§ **Assignment**
Write each line below back out exactly, omitting its pictures.

━━━ Input data ━━━

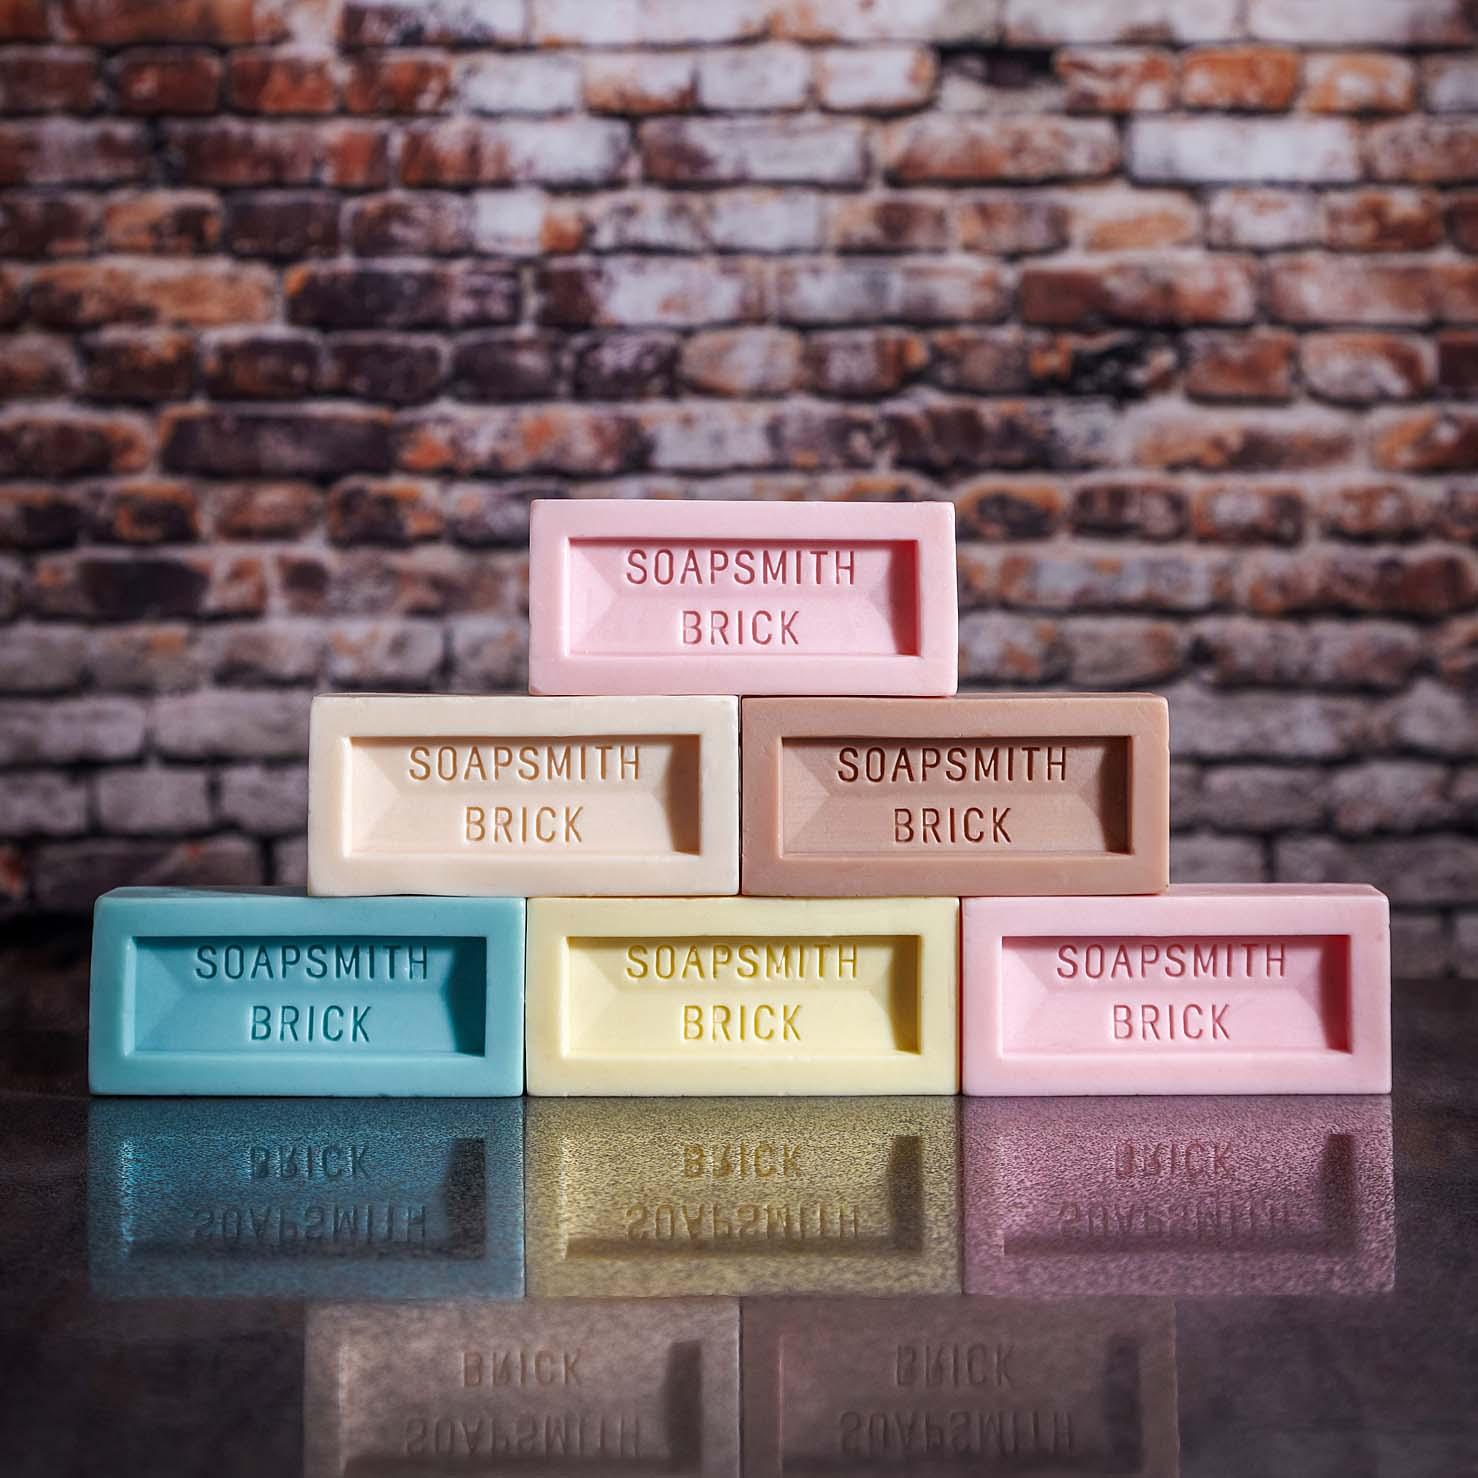 soapsmith bricks.jpg
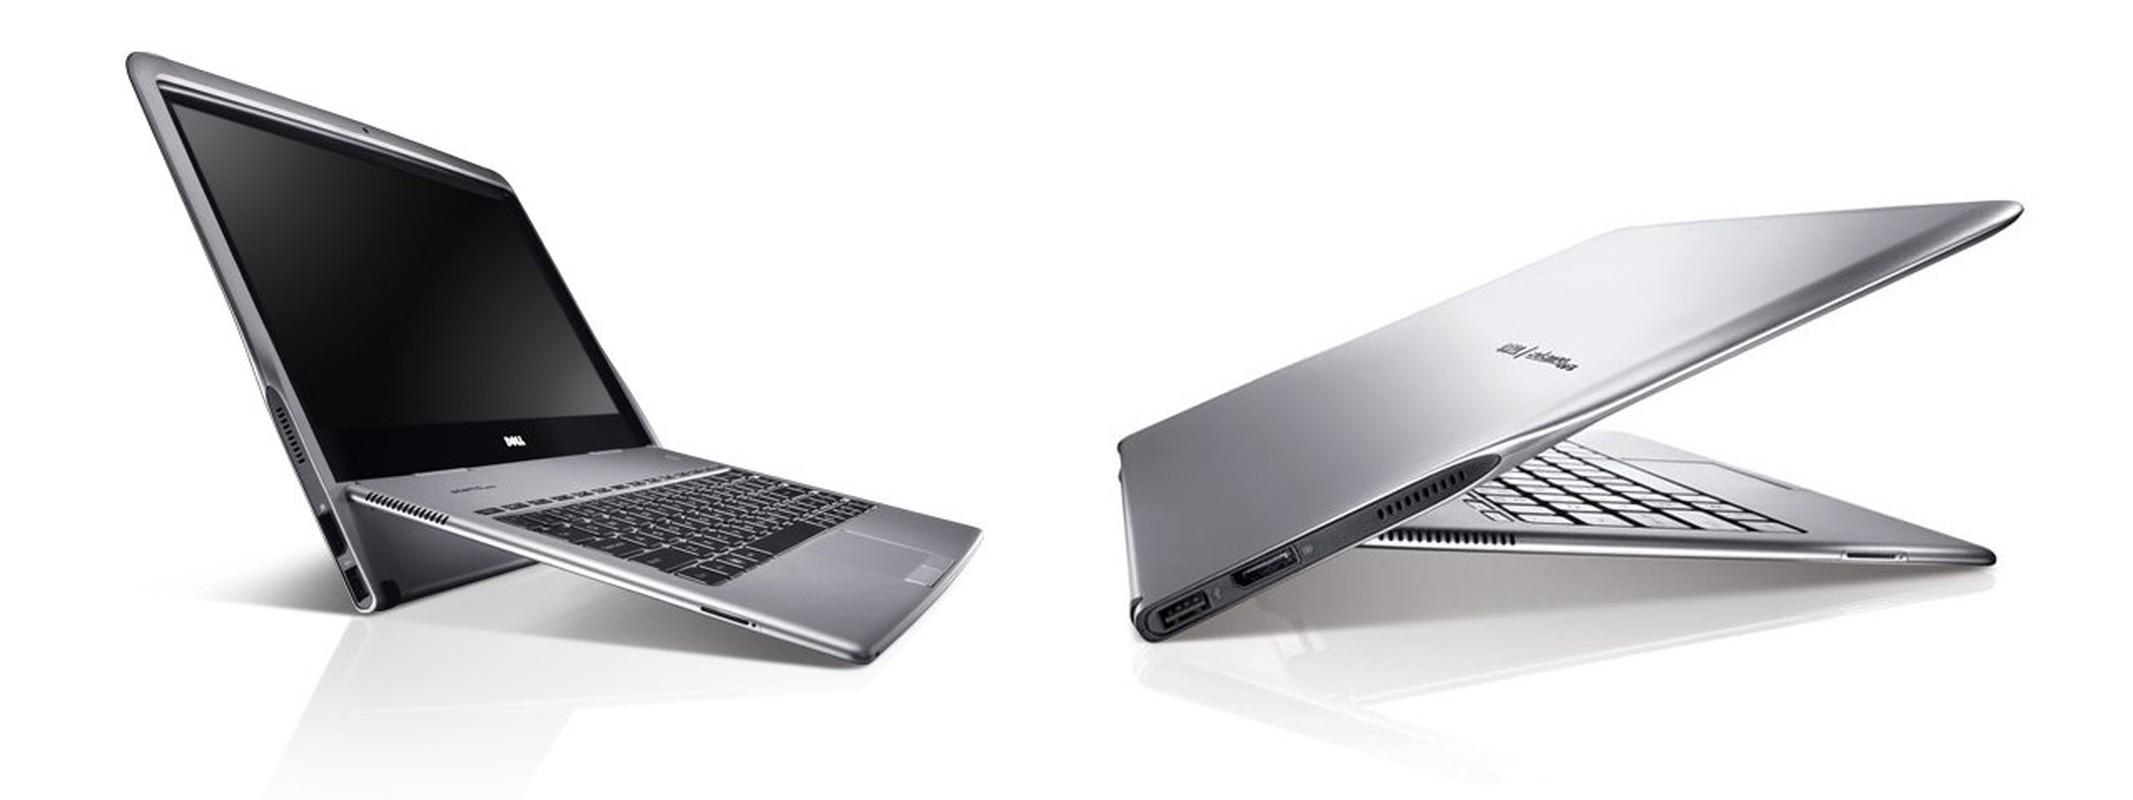 "Nhieu laptop ""co lo si"" nhung co thiet ke di truoc thoi dai-Hinh-6"
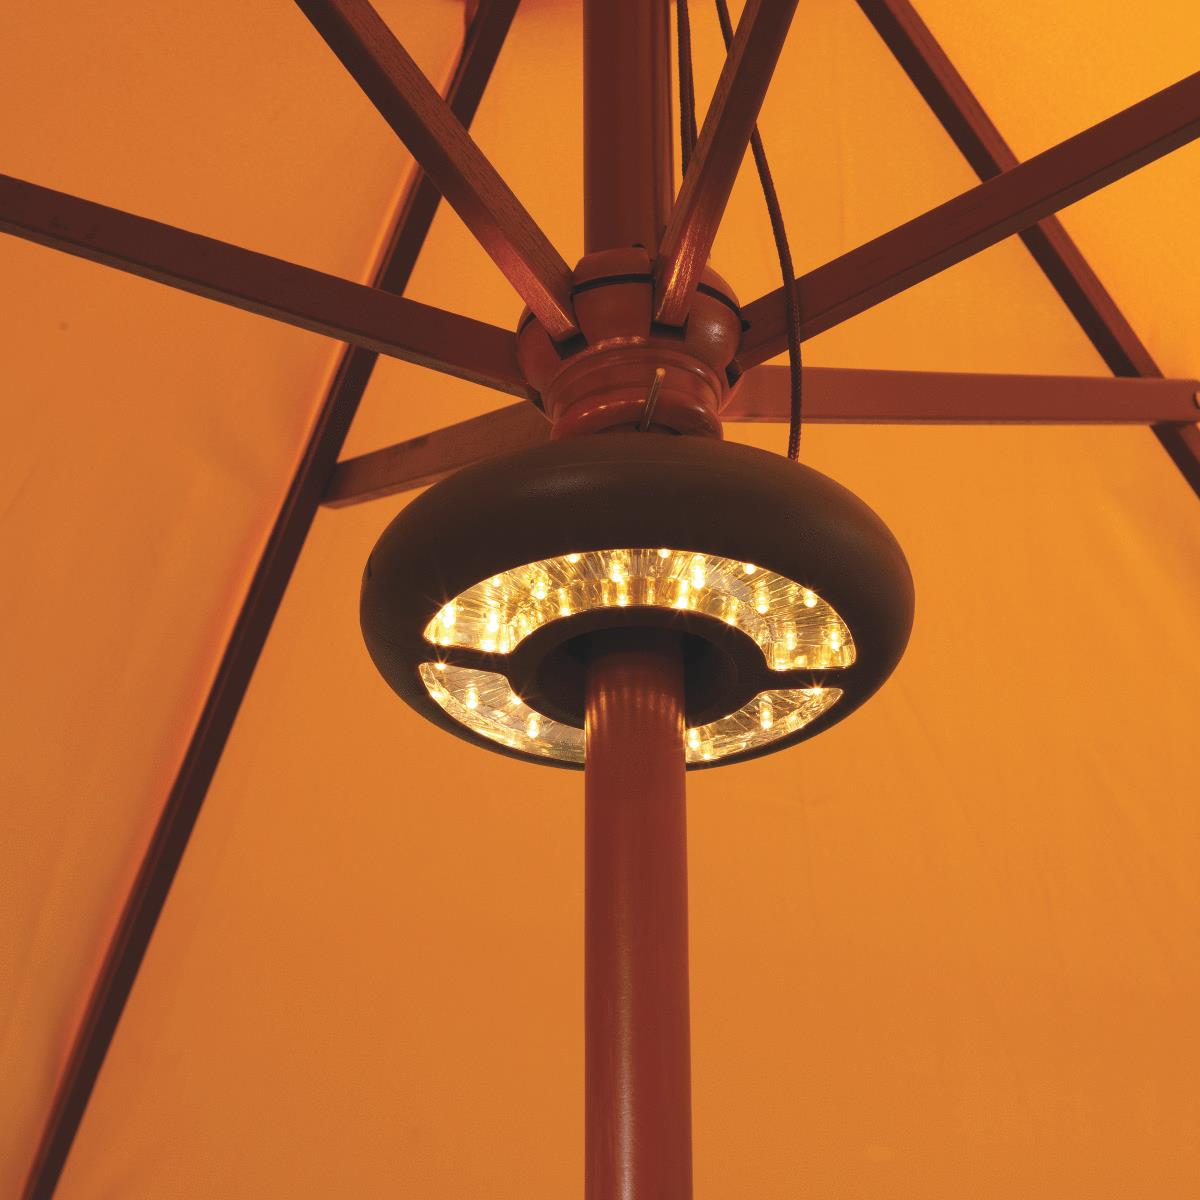 Everlasting Glow Battery LED Patio Umbrella Light
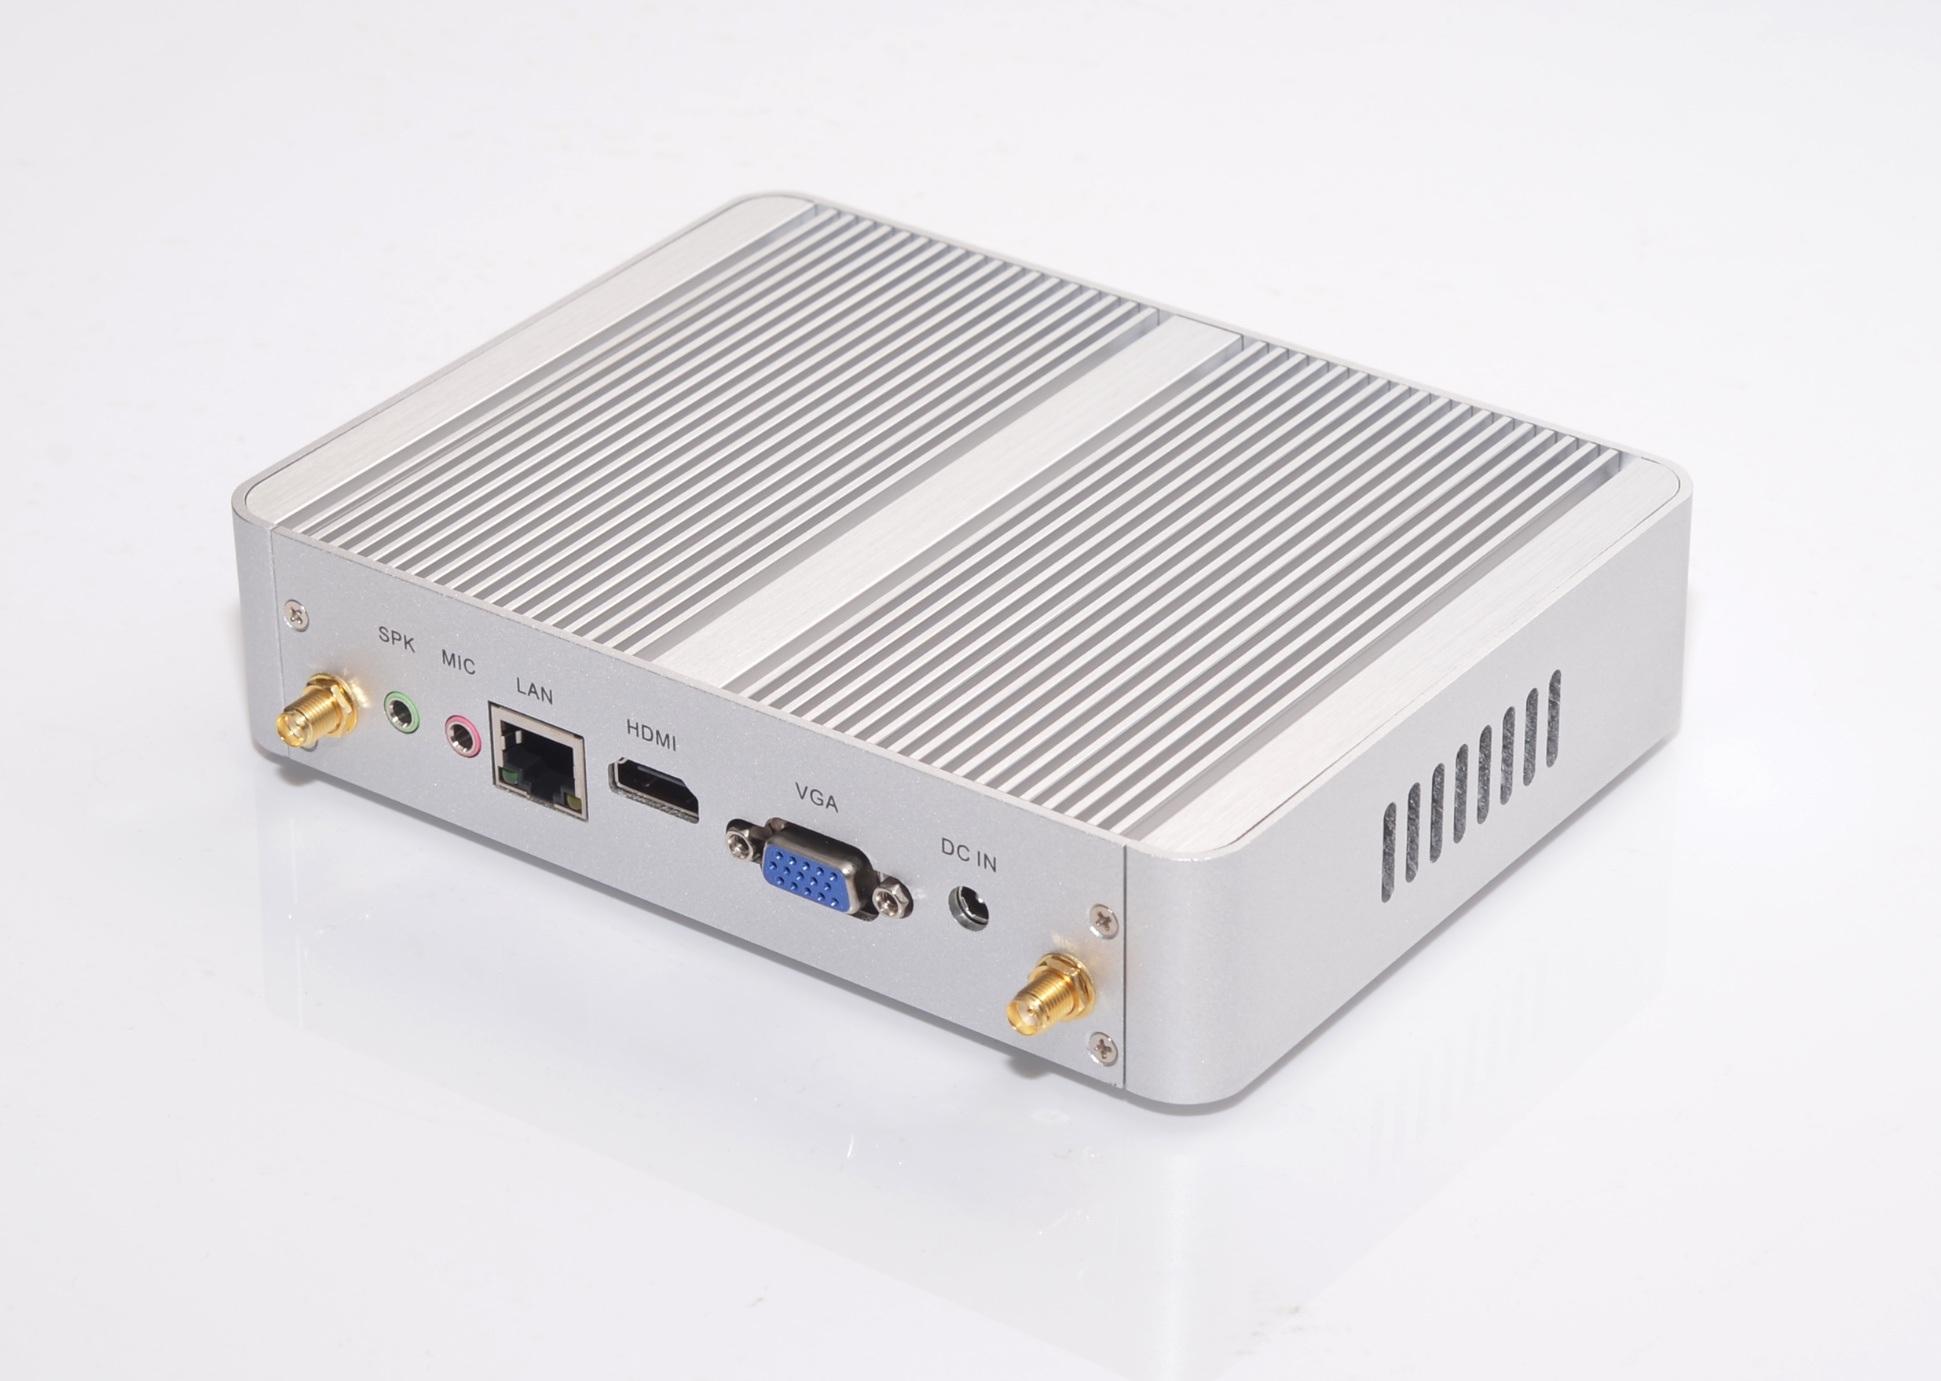 Promotion for Intel Core I3 6100u Mini PC (JFTC6100US)

━━━

§ **Output**
 soapsmith bricks.jpg
 "Nhieu laptop ""co lo si"" nhung co thiet ke di truoc thoi dai-Hinh-6"
 Everlasting Glow Battery LED Patio Umbrella Light
 Promotion for Intel Core I3 6100u Mini PC (JFTC6100US)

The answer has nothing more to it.